Subscription Required. Please recommend JoVE to your librarian.

Representative Results

Описанный здесь анализ мКОЕ увеличивает объем информации, которую можно получить из одной чашки Петри, по крайней мере, в 96 раз. На рисунке 5 показано сравнение двух методов доставки лекарственного средства для перепрофилированного использования саквинавира (SQV)31,32 в качестве препарата, направленного на хозяина для лечения туберкулеза. В этом анализе были использованы четыре различных штамма Mycobacterium tuberculosis для инфицирования первичных макрофагов человека. М. туберкулёз Лабораторный штамм H37Rv и три клинических штамма, выделенных от пациентов с активной формой туберкулеза доктором Рикардо Жоржи из Португальского национального института здравоохранения (INSA): лекарственно-чувствительный штамм (код INSA 33427), штамм с множественной лекарственной устойчивостью (код INSA 34192) и штамм с широкой лекарственной устойчивостью (XDR) (код INSA 163761). Каждая инфекция, вызванная каждым штаммом, была дополнительно размножена в восьми различных условиях лечения, сравнивая три различные концентрации свободных лекарств или липосомных препаратов с соответствующими контрольными группами, не получавшими лечения. Наконец, каждое состояние было проанализировано в четыре разных момента времени после заражения. Для количественной оценки внутриклеточного роста бактерий общее количество лизатов, извлеченных из каждого момента времени, составило 32. За этим последовало три последовательных разведения каждого лизата, увеличив количество до 128 образцов. Умноженные на четырехкратные проанализированные результаты в 512 выборках. Поскольку эксперимент был повторен с использованием макрофагов как минимум от трех разных доноров крови, общее количество анализируемых образцов увеличилось до 1536. Используя описанный здесь метод мКОЕ, в этом эксперименте было получено только 16 квадратных чашек Петри против 1536, которые потребовались бы при использовании стандартного протокола КОЕ. Как показано на рисунке 5, результаты, полученные с помощью этого метода, могут продемонстрировать статистически значимые различия между методами лечения.

Figure 5
Рисунок 5. Метод мКОЕ позволяет получать большие объемы данных с небольшого количества агаровых пластин. В этой серии экспериментов проверялась эффективность препарата саквинавир (SQV) для индуцирования внутриклеточного уничтожения лабораторных и клинических штаммов M.tb в макрофагах человека. SQV вводили культурам макрофагов в свободной форме или загружали в липосомы (LipSQV). Обработка проводилась в трех различных концентрациях: 50, 20 и 10 мкг/мл. Макрофаги инфицировали различными штаммами M.tb в течение 3 ч, а затем обрабатывали выбранными концентрациями LipSQV и свободного SQV. В качестве контроля использовали липосомы без препарата (LipUnloaded) и ДМСО. Для оценки внутриклеточной выживаемости бактерий в дискретные моменты времени лизировали макрофаги, а серийные разведения бактериальной суспензии наносили на агаровые пластины 7H10. Единицы мКОЕ подсчитывали через 2-3 недели. Линии показывают среднее количество мКОЕ на образец, по крайней мере, в 3 независимых экспериментах. Столбцы представляют собой среднее процентное соотношение мКОЕ, рассчитанное по отношению к соответствующим контрольным группам на 7-й день после заражения. Символы обозначают каждый эксперимент с макрофагами от разных доноров. Столбцы погрешности представляют собой стандартную ошибку среднего значения. Множественные групповые сравнения проводились с использованием одностороннего ANOVA с последующим post-hoc тестом Holm-Sidak. * p ≤0,05, ** p ≤0,01, *** p ≤0,001. Эта цифра была изменена с33. Пожалуйста, нажмите здесь, чтобы увидеть увеличенную версию этого рисунка.

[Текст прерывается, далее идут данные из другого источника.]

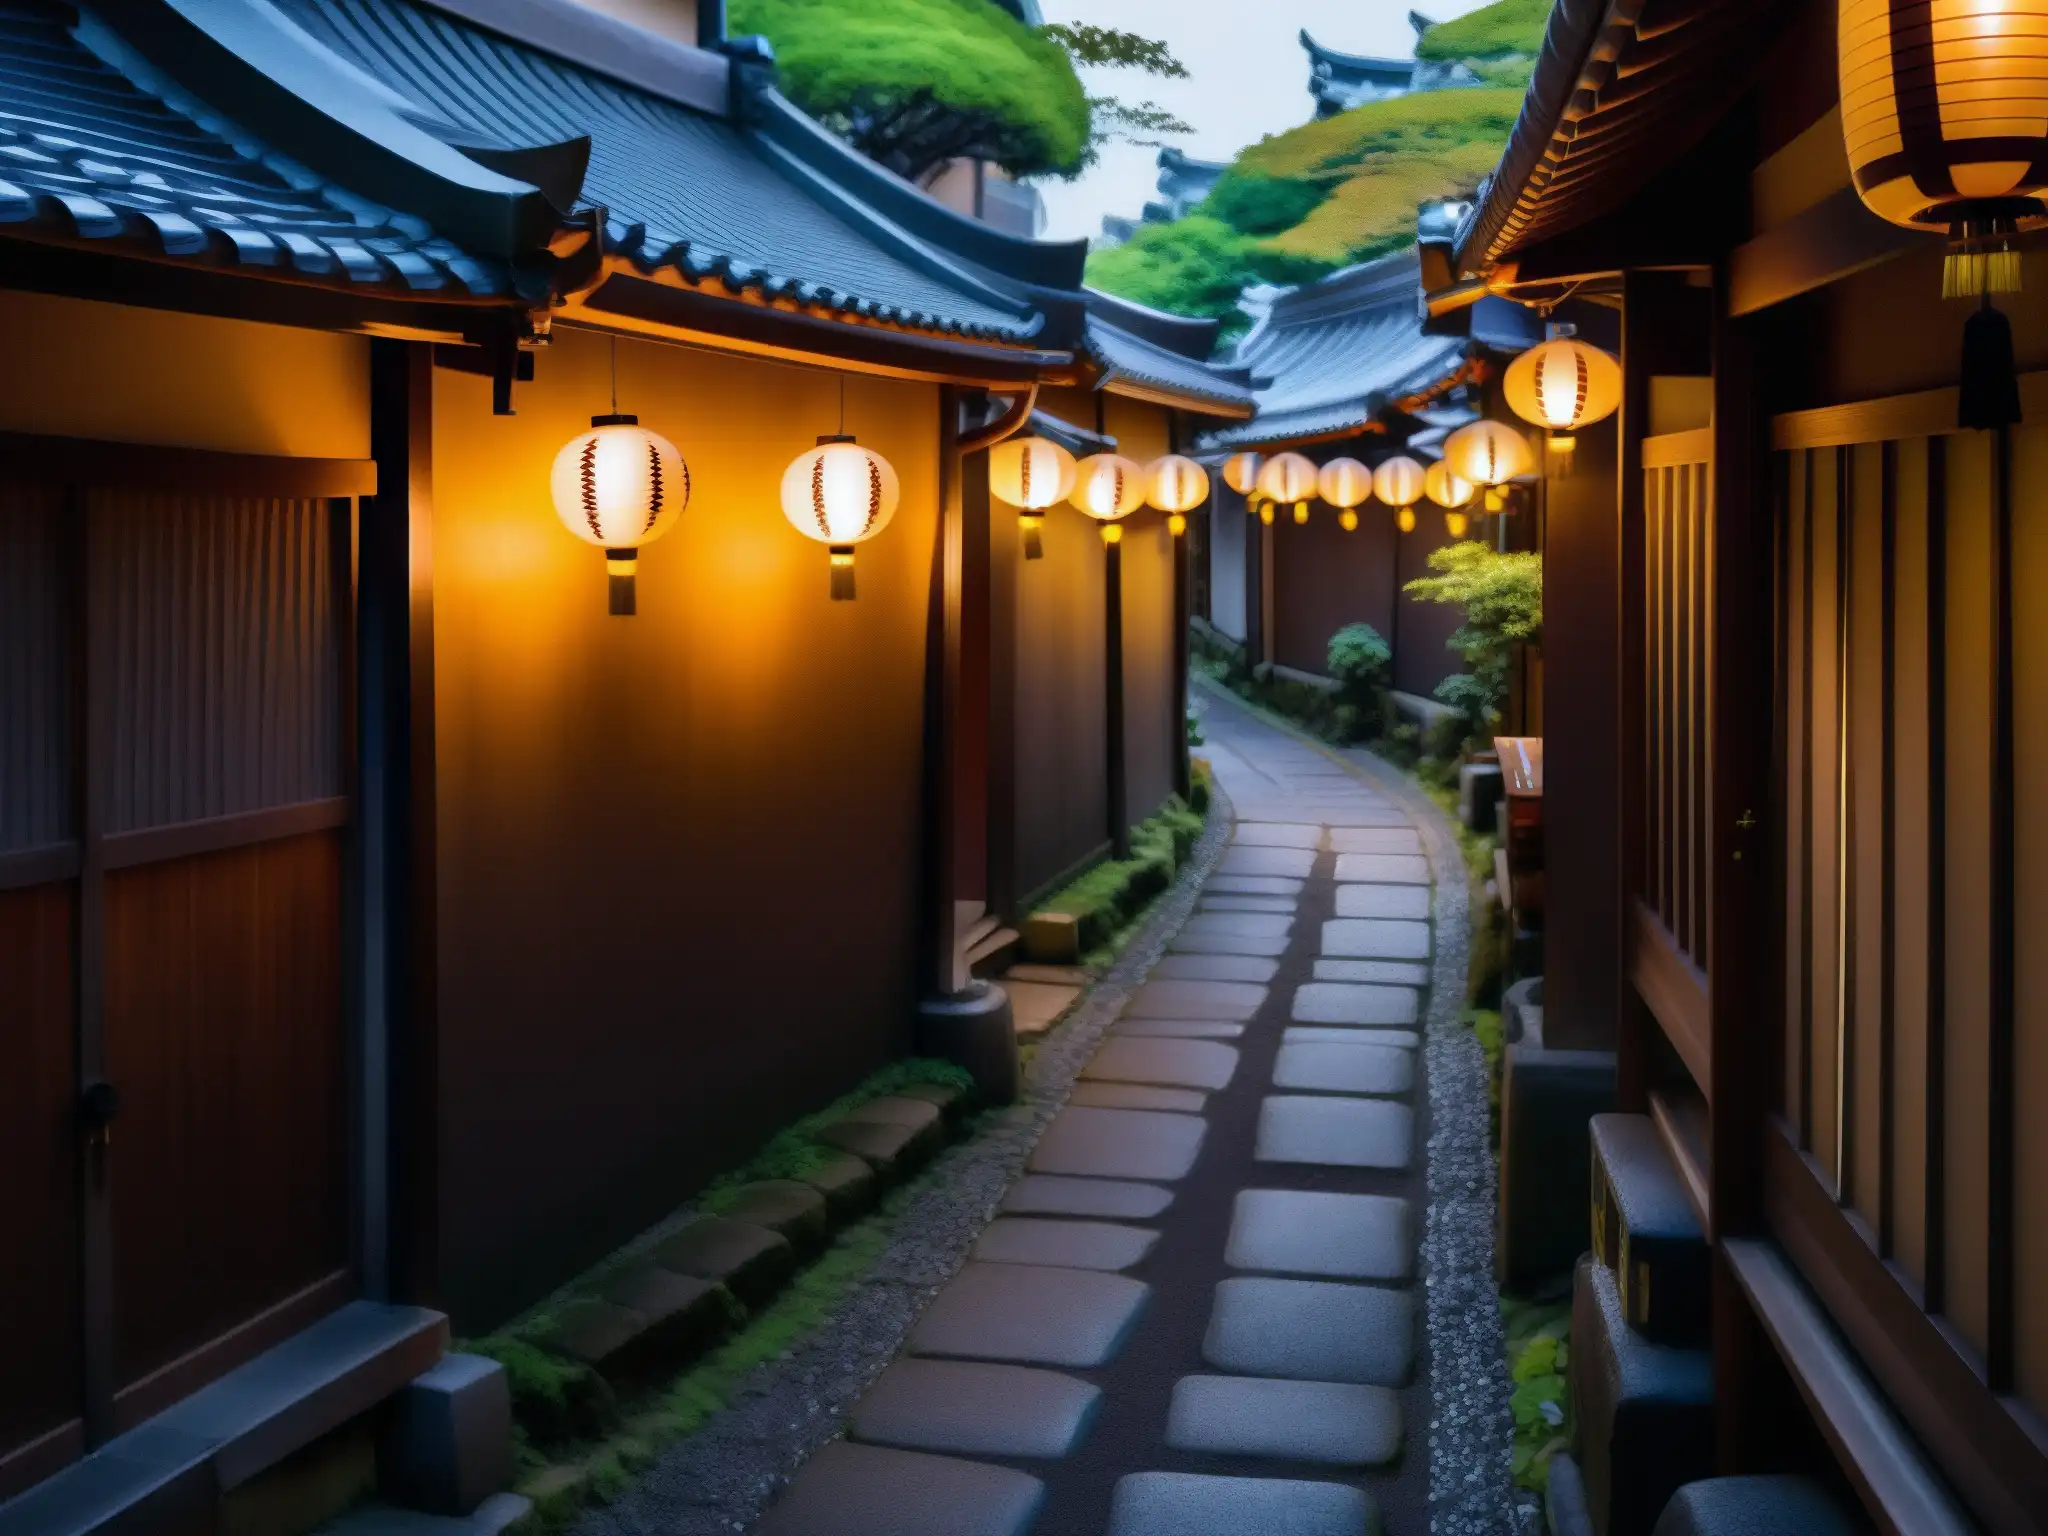 Alley misterioso en Tokyo con farol japonés iluminando el camino de adoquines

Subscription Required. Please recommend JoVE to your librarian.

Discussion

Туберкулез является серьезной проблемой общественного здравоохранения, приобретающей все большее значение, особенно в странах с низким и средним уровнем дохода. Перебои в работе медицинских учреждений по диагностике и лечению туберкулеза во время пандемии COVID-19 оказали негативное влияние на заболеваемость новыми случаями1. Кроме того, для борьбы с этой эпидемией необходимо срочно бороться с мультилекарственными штаммами и штаммами М.тб с широкой лекарственной устойчивостью, а также с сочетанной инфекцией М.тб и ВИЧ 1,34. Новые вакцины, заменяющие или улучшающие БЦЖ, в настоящее время проходят клинические испытания, и новые кандидаты могут появиться на рынке вближайшие годы. Разработка новых вакцин-кандидатов против туберкулеза основывается на доклинических исследованиях с использованием различных моделей на животных. Определение эффективности вакцины на животных моделях требует количественного определения бактериальной нагрузки в инфицированных органах, чтобы продемонстрировать защитный эффект вакцины 5,36. В настоящее время существуют прямые и косвенные методы количественной оценки бактериальной нагрузки у инфицированных мышей и нечеловекообразных приматов. К прямым методам относятся гистологические препараты и бактериальное окрашивание с использованием флуоресцентного аурамина-о и Ziehl-Neelsen37, количественное определение микобактериальной нагрузки в образцах на основе RT-qPCR38 и другие.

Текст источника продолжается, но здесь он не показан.